Old Jan 3, 2015, 2:56 am
FlyerTalk Forums Expert How-Tos and Guides
Last edit by: IluvSQ
READ THIS FIRST:
Step-by-Step Guide to Getting a Taxi at Suvarnabhumi Airport (BKK)


BKK Terminal Map

Source: AOT

MAP KEY

Arrival Gates - Level Two
Immigration
Baggage Claim Carousels
Customs and Exits to Landside Terminal Area
Elevators/Escalators to Ground Floor Level One
Numbered Exits to Outside (taxi queues are near exits 4 & 7)

WHAT TO DO

Taxis accept cash only. There are ATMs and currency exchangers inside the terminal.
  • Take an elevator or escalator down to the ground level.
  • Follow the signs to one of the two taxi queues outside of the terminal on Level One.
  • The taxi queue attendant will ask your destination and write it on a taxi slip. UPDATE: There are no longer attendants to write your destination at BKK. You get a slip from a touchscreen kiosk which directs you to a parking stall number where you meet your car/driver.
  • The larger part of the taxi slip is yours to keep, the smaller part goes to your driver. Be sure to keep your taxi slip as it contains information you will need if a problem arises. Do not give your portion of the taxi slip to the driver, even if he asks for it. UPDATE: There is no portion of the new slip from the kiosk to give the driver.

BASE COST
  • Airport Fee - THB 50 per taxi levied from the airport (never to the airport)
  • THB 35 - flag drop through 1km
  • +THB 5.50/km for kilometers 1+ through 10
  • +THB 6.50/km for kilometers 10+ through 20
  • +THB 7.50/km for kilometers 20-40
  • +THB 2 per minute waiting or standing in traffic (less than 6kph)

TOLLS
  • THB 75 to city center (two toll booths)
  • THB 60 to DMK

SAMPLE FARES FROM BKK TO...
Amounts are approximate and will vary with traffic, specific drop point, etc.
  • City Center - THB 170-200
  • Grand Palace - THB 215
  • Don Mueang Airport (DMK) - THB 290
  • Hua Hin - THB ___ (typically a negotiated flat fee)
  • Pattaya - THB ___ (typically a negotiated flat fee)

FARE CALCULATOR TOOLS
Reasonably accurate fare estimates are available from a number of websites and apps. These services provide estimated base fares only. Calculations do not include traffic, tolls, airport fees, etc. Reliability varies - use at your own risk.
FAQs

Q: Should I use the hotel's airport transfer service instead of a taxi?A: It depends on your comfort zone, budget, time of day, number of people/bags, etc. In general, the cost will probably be about two to three times the typical taxi fare, or more. If you are relatively new to Asia, it might be a bit overwhelming, and you might find it reassuring to see someone holding a sign with your name as you walk out of baggage claim.
Q: Is it best to take the expressway or surface streets?A: Depending on your destination and time of day, surface streets might be quicker and/or shorter. However, expressway tolls will usually add less than THB 200 to the trip (see above), so you may wish to defer to your driver.

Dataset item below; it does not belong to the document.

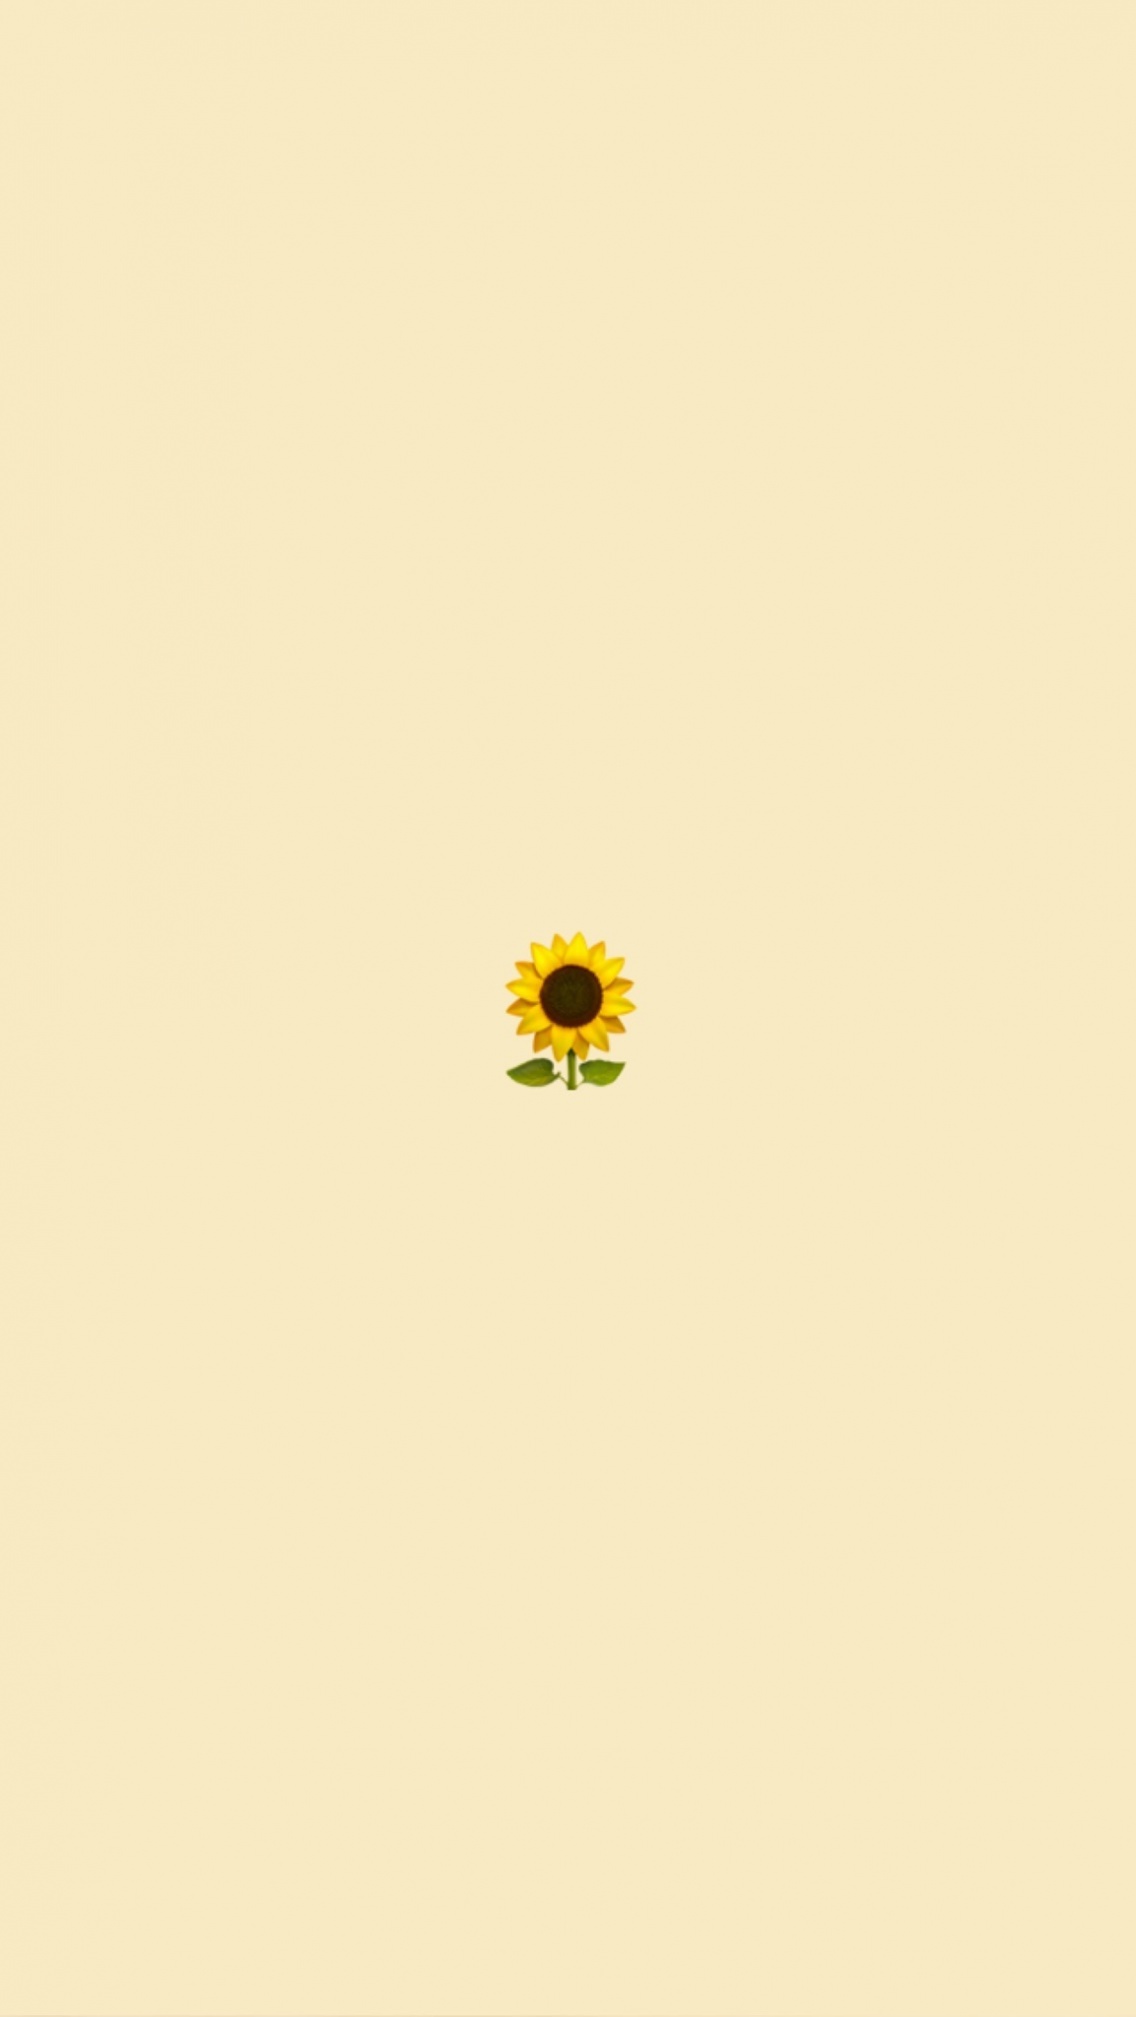 A sunflower is in the middle of an empty room - VSCO

Q: What types of scams should I watch for?A: The most common thing you'll encounter is taxi drivers who do not want to use the meter. They will often ask for a flat fee that is usually much higher than the meter would register. If a driver refuses to use the meter, it's best to exit the taxi and get another. Do not get angry or argue with the driver. If a driver demands more money on arrival at your hotel, wait until your bags have been offloaded from the vehicle, then seek out a porter or other hotel employee to assist you. Again, do not get angry or argue with the driver. A driver may say there is a THB 50 fee to go to the airport. There is no fee to go TO the airport. If the fee is mentioned at the outset, get out and flag down a new taxi. If it is mentioned upon arrival at the airport, remove all your belongings from the taxi and calmly state that there is no such fee while handing over the metered amount. If the driver is insistent, offering to call over a police officer to assist will usually put an end to the discussion.

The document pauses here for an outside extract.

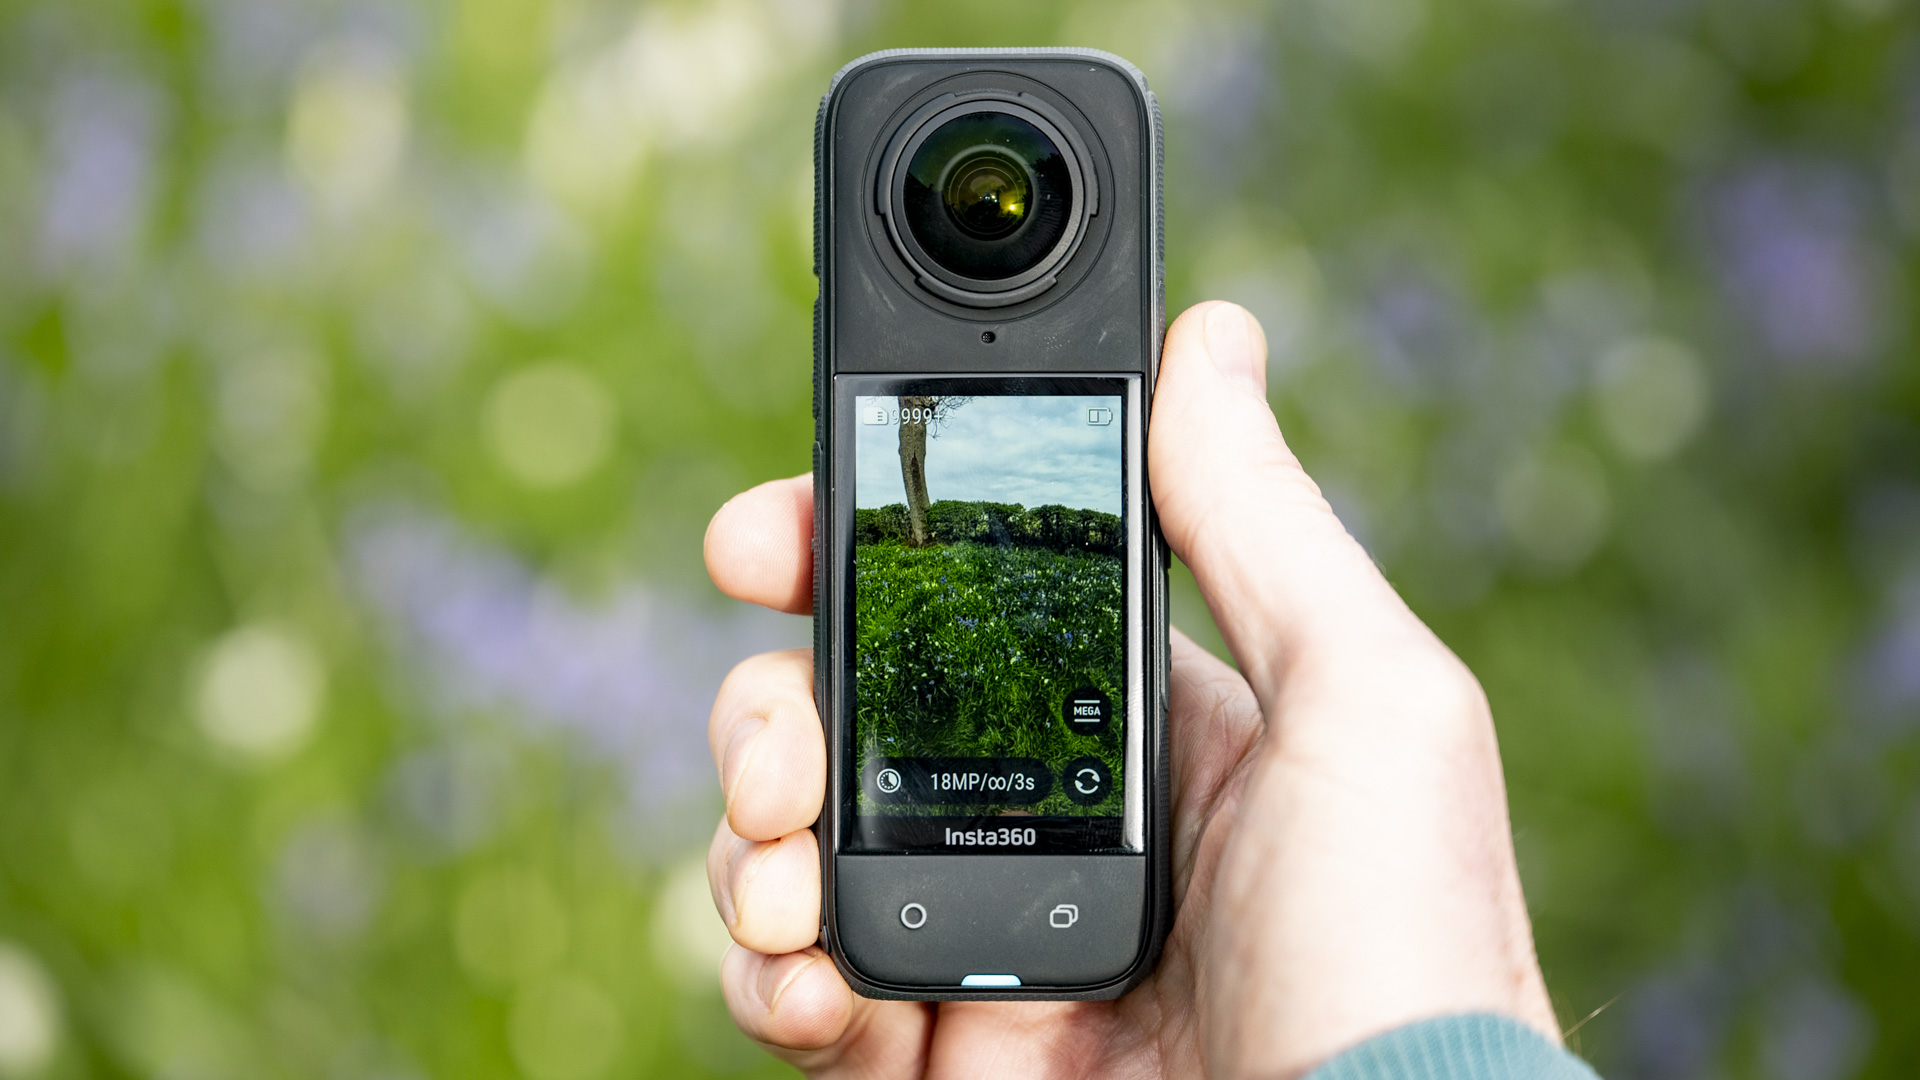 Insta360 X4 360 degree camera screen outdoors with vibrant grassy background

Q: What is the most common meter scam?
A: Very often, when you enter the taxi, the meter is obscured with a rag or towel, so you do not see that it has been running prior to your entrance,
and is now well over 100 Baht. Always ensure that you observe the driver starting the meter.
Q: If the driver does scam me, how much money are we talking about?A: Usually no more than THB 200-300, which is about USD 7-10
Q: I think I still have other questions...A: Just hit the reply button and get feedback from other helpful FlyerTalkers who take Bangkok taxis regularly!

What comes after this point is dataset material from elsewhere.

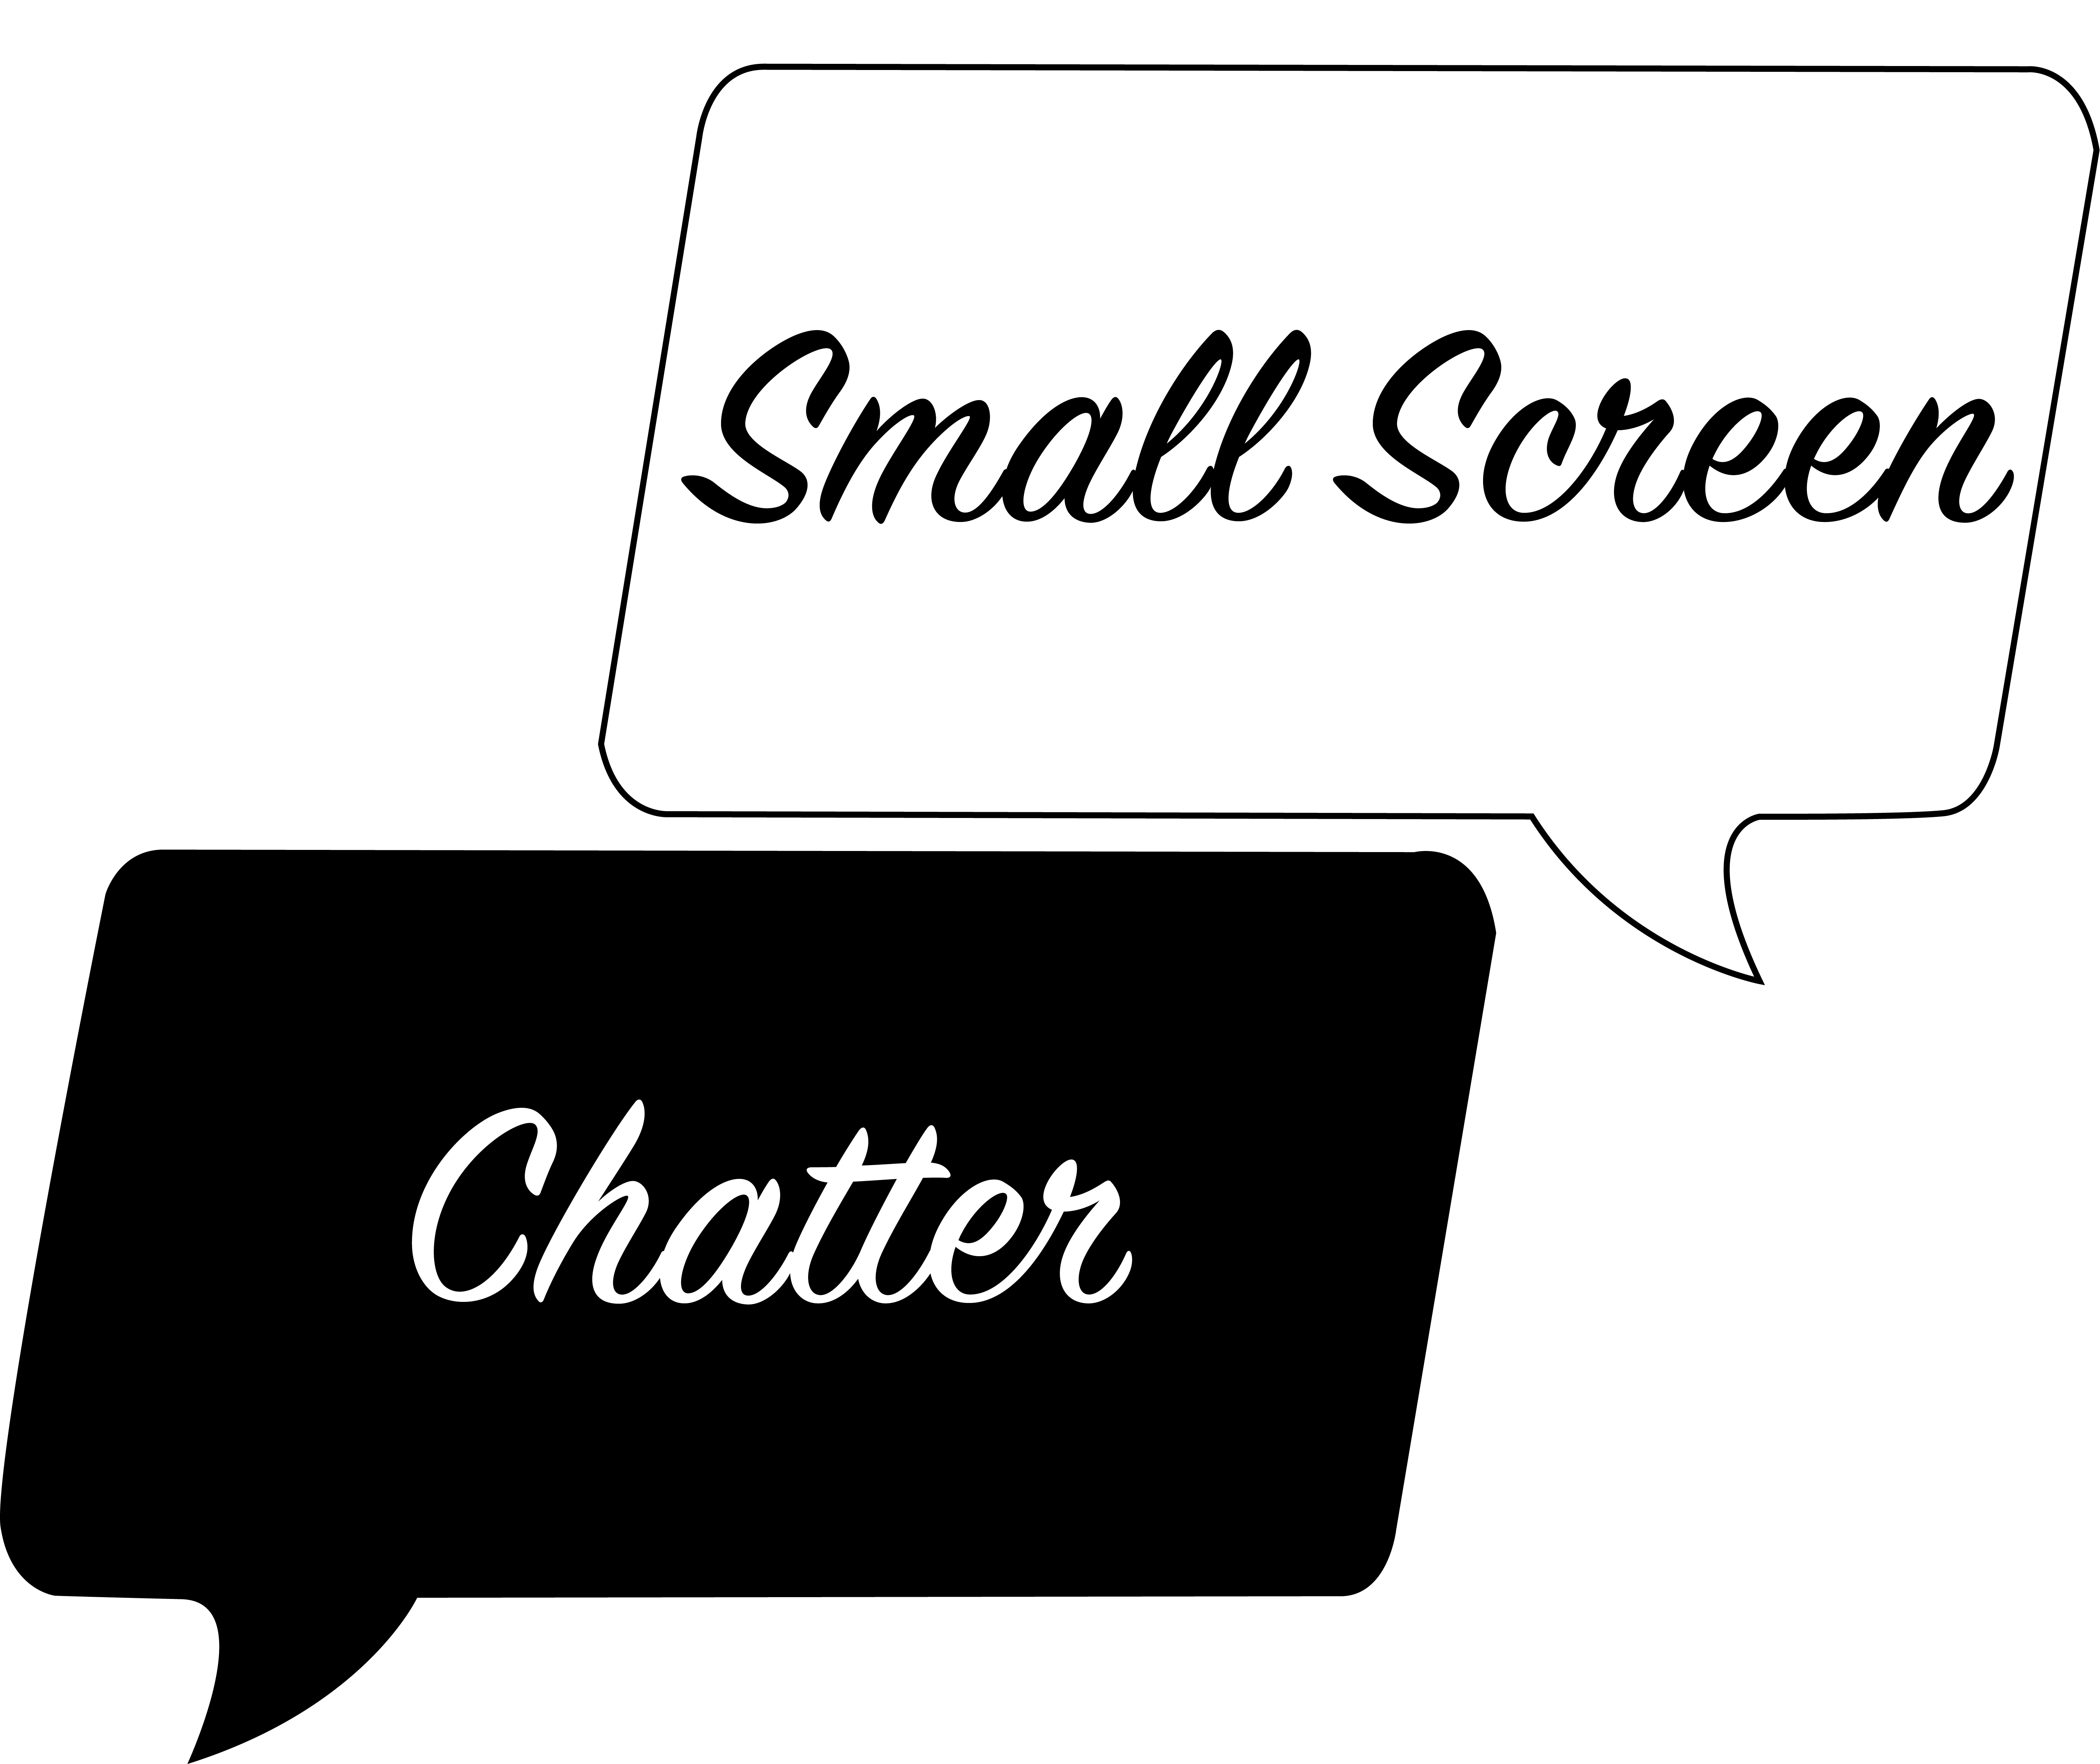 Small Screen Chatter

Q: This all sounds like hassle. Is there some way I can use a small amount of money to make that go away?A: The AOT limo stands before and immediately after customs are trustworthy, although their initial quote will be for their most expensive vehicle. Ask for the Isuzu SUV. You'll be looking at 1,050THB / $33.50 to the center of town, inclusive of all fees and fares, and a small increment on that for a sedan. Credit cards are accepted. You will get a printed receipt before you get in the taxi. The vehicle will be well-driven, clean, and will have seatbelts.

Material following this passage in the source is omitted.